Part 3: If I’m a business executive, why do I really care? What’s the value?
Outside of all the abstraction and coalescence around this trendy technology jargon, if I’m a CEO of a company I have to ask the question … So what? Why do I care and what do my customers get out of all of this. The “Holy Grail” of IT has mostly come down to three themes : Better, Faster, Cheaper. Many opinions and experiments to try and balance these three out. Also, many dollars and organizational transformations have gone into putting companies in the best position to capitalize on new ways of working. Think of it like this. Create amazingly new, highly engaging digital features and products, make the cycle item to get those into the hands of customers faster and while your at it drive down costs. This is the edict and the expectation when CIO’s ask for increases in capital expenditure for IT. Not to mention there is a growing appetite for digital capabilities driven by traditional product line leaders. Small start-ups and fintech companies are putting tremendous amount of pressure on the larger more established institutions and have helped CEO’s of these fortune 500 companies come to the realization that deep pockets for IT investment doesn’t always provide the expected value they seek unless their organizations have the accommodating enterprise agility to move fast in a market that will absolutely not wait on you. That’s why they should care.
Part 4: Embracing the idea of a technology driven mindset (Skating to where the hockey puck is going)

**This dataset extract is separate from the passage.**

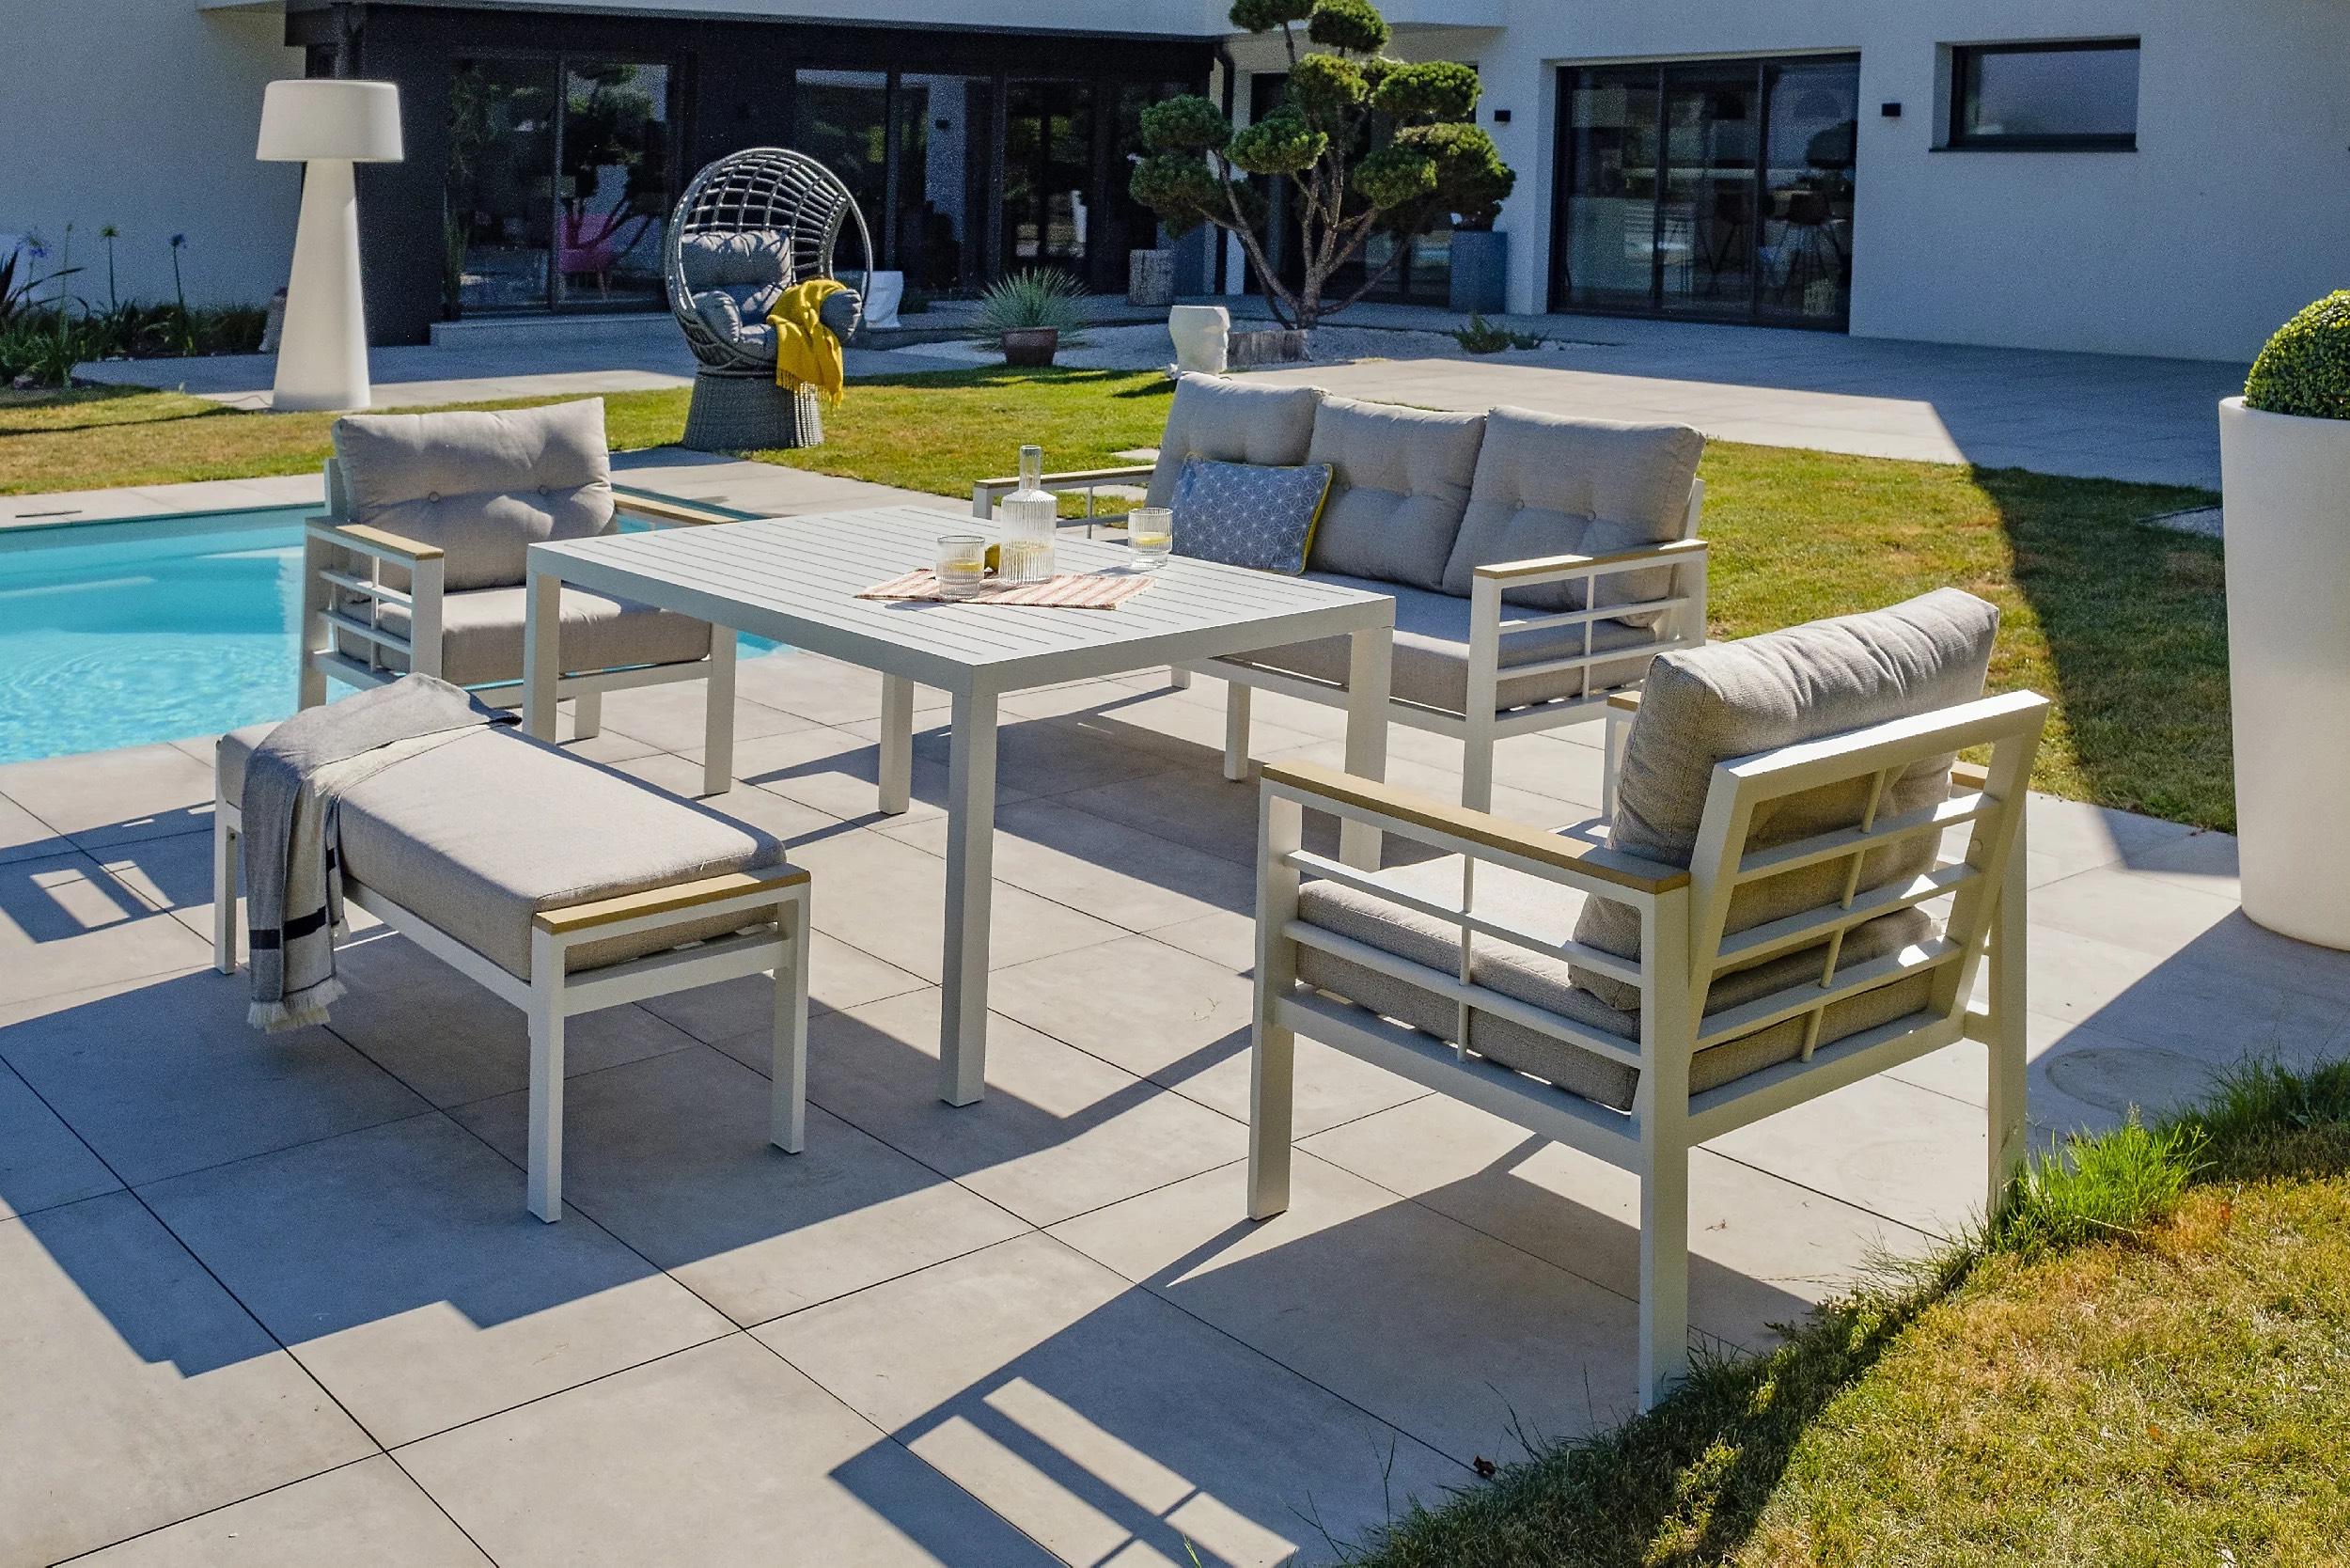 Salon de jardin bas Cayenne DCB Garden - 7 personnes, Aluminium blanc

Wayne Gretzky once said, he doesn’t go where the hockey puck is, but rather where the hockey puck is going. As business leaders, customers expectations have changed. We no longer have the same cost/benefit structures to drive our decision making. When we wake up and read our FlipBoard or whatever blog, articles we see that technology is eating the world we live it. So even though you may have a profitable company and a “kush” market position right now, business leaders need to be proactive in defining and fostering a technology mindset throughout their organization in all corners, nooks and crannies.